Apex Financial Services, a fictitious mid-sized enterprise in the financial services sector, specializes in wealth management and investment advisory. To enhance its security posture and comply with regulatory requirements like SOC 2 and GDPR, Apex aims to monitor user activities and audit logs from its Microsoft Entra tenant. By integrating the Microsoft Entra Log Collector into the Observo AI platform, Apex will ingest real-time sign-in and audit logs to detect unauthorized access, ensure compliance, and streamline incident response. The IT team, led by their Security Operations Manager, follows the integration steps outlined in the provided document to configure the log collector, ensuring all required fields are specified for a robust data pipeline.

Standard Microsoft Entra Log Collector Source Setup

Here is a standard Microsoft Entra Log Collector Source configuration example. Only the required sections and their associated field updates are displayed in the table below:

General Settings

Field
Value
Description

Name

apex-entra-log-collector

Unique identifier for the source, reflecting Apex's branding and purpose.

Description

Collects Microsoft Entra sign-in and audit logs for security monitoring and compliance at Apex Financial Services.

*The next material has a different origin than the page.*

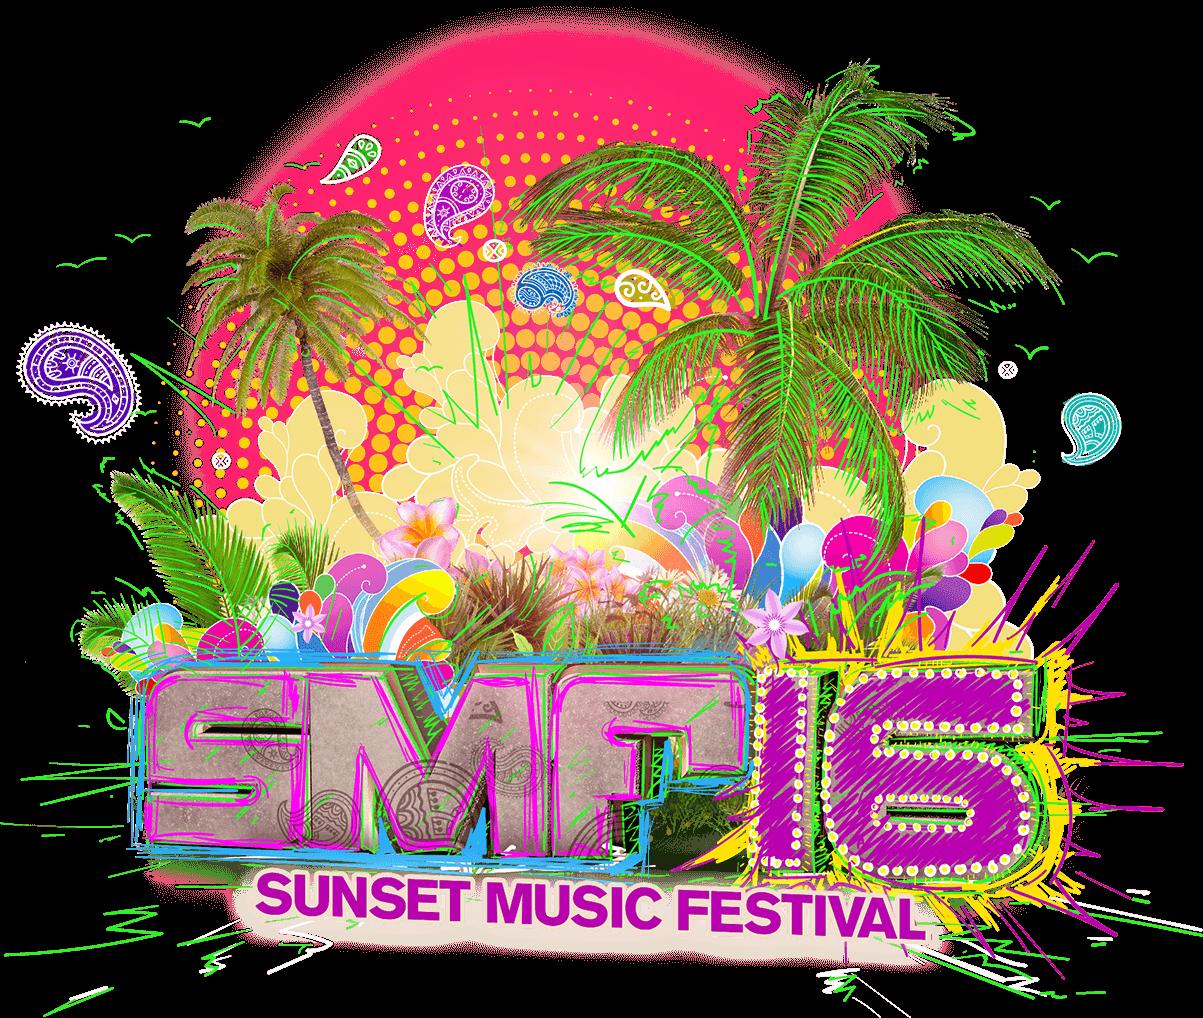 logo for Sunset Music Festival 2016
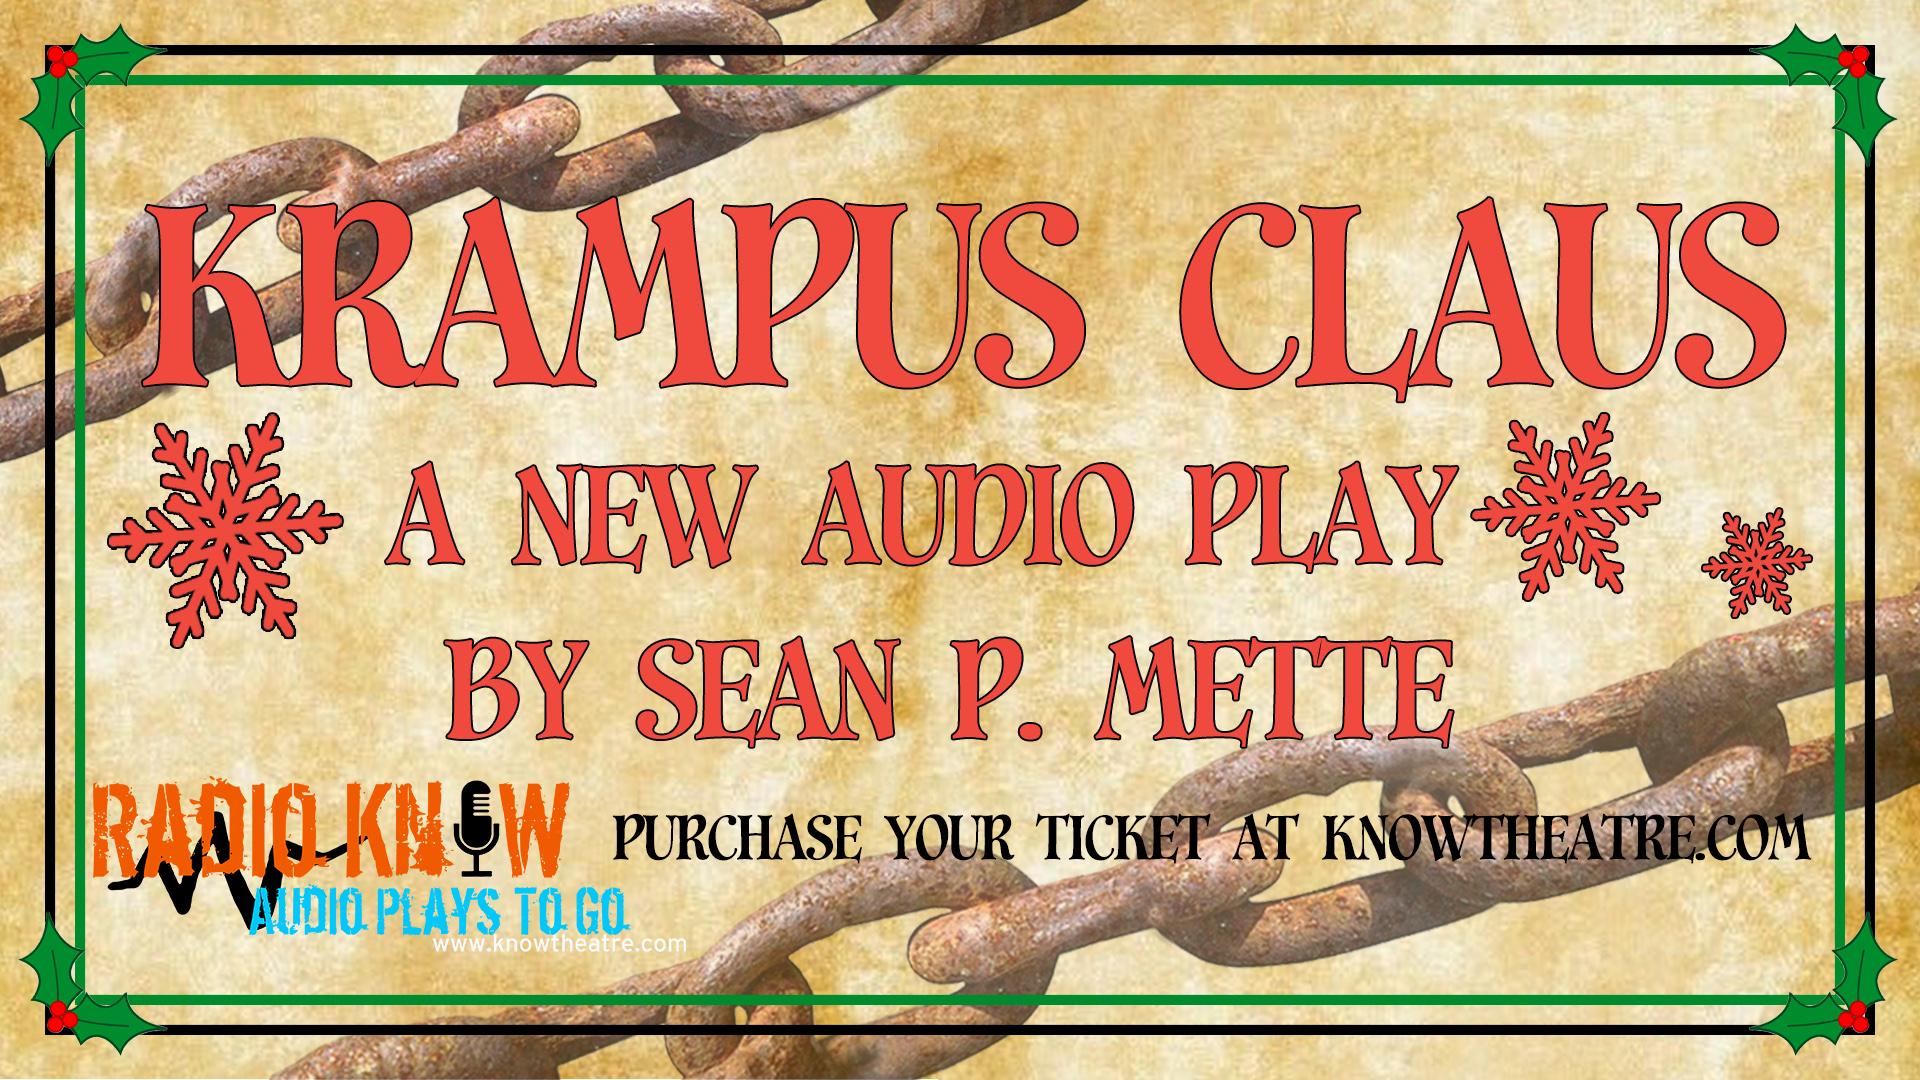 KTC_Krampus Claus logo

Optional description to clarify the source's purpose.

Microsoft Endpoint

https://graph.microsoft.com/v1.0/auditLogs/signIns?$filter=createdDateTime%20ge%20$LAST_VALUE$

Endpoint for collecting sign-in logs, using checkpointing with $LAST_VALUE$ for incremental collection.

Collection Interval

5m

Data collection every 5 minutes to balance real-time monitoring with API rate limits.

Response Log Path

value

JSON path to the logs array in the API response, as sign-in logs are nested under "value".

Headers

{ "Content-Type": "application/json" }

HTTP header to ensure JSON content type for API requests.

Authentication

Field
Value
Description

Client ID

123e4567-e89b-12d3-a456-426614174000

Application (client) ID registered in Microsoft Entra for API access.

Client Secret

gX7fH9kP2mL8qW3rT5vY1zA6bC4dE0jN

Client secret generated for secure authentication to Microsoft Graph API.

Token URL

https://login.microsoftonline.com/987f6543-21ba-43cd-9876-543210fedcba/oauth2/v2.0/token

OAuth2 token endpoint, with Apex's tenant ID (987f6543-21ba-43cd-9876-543210fedcba).

Scopes

https://graph.microsoft.com/.default

Default scope for Microsoft Graph API to access required permissions (e.g., SignInLogs.Read.All).

Headers

{ "Accept": "application/json" }

Header to ensure JSON response for OAuth2 token requests.

Checkpoint

Field
Value
Description

Enable Checkpoint

True

Enables incremental log collection to avoid duplicating data.

Tracking Column

createdDateTime

JSON path to the timestamp field in sign-in logs for tracking progress.

Initial Value

2025-07-01T00:00:00Z

Starting timestamp for the first collection, set to July 1, 2025, to capture recent logs.

Pagination

Field
Value
Description

Enable Pagination

True

Enables pagination to handle large datasets from the Microsoft Graph API.

Pagination Type

Attribute-Based

Uses cursor-based pagination, common for Microsoft Graph API responses.

Page Parameter Name

$skiptoken

Query parameter for cursor-based pagination in Microsoft Graph API.

Size Parameter Name

$top

Query parameter to specify page size (e.g., ?$top=100).

Page Size

100

Requests 100 records per page to optimize API calls.

Start Page

0

Starts pagination from the first page (zero-based indexing).

Maximum Pages

0

Set to 0 for unlimited pages to ensure all logs are collected.

Total Pages Path

Left empty, as Microsoft Graph API does not provide total pages in responses.

Total Count Path

Left empty, as total record count is not provided in sign-in log responses.

Zero-Based Indexing

True

Page numbering starts at 0, aligning with API behavior.

Response Attributes

@odata.nextLink

JSON path to the next page cursor in the API response (e.g., {"@odata.nextLink": "url"}).

Header Attributes

Left empty, as pagination info is in the response body, not headers.

Request Interval

200ms

200ms delay between pagination requests to avoid rate limiting.

TLS Configuration

Field
Value
Description

CA File

-----BEGIN CERTIFICATE----- MIID...== -----END CERTIFICATE-----

Inline PEM-formatted CA certificate for verifying the Microsoft Graph API server.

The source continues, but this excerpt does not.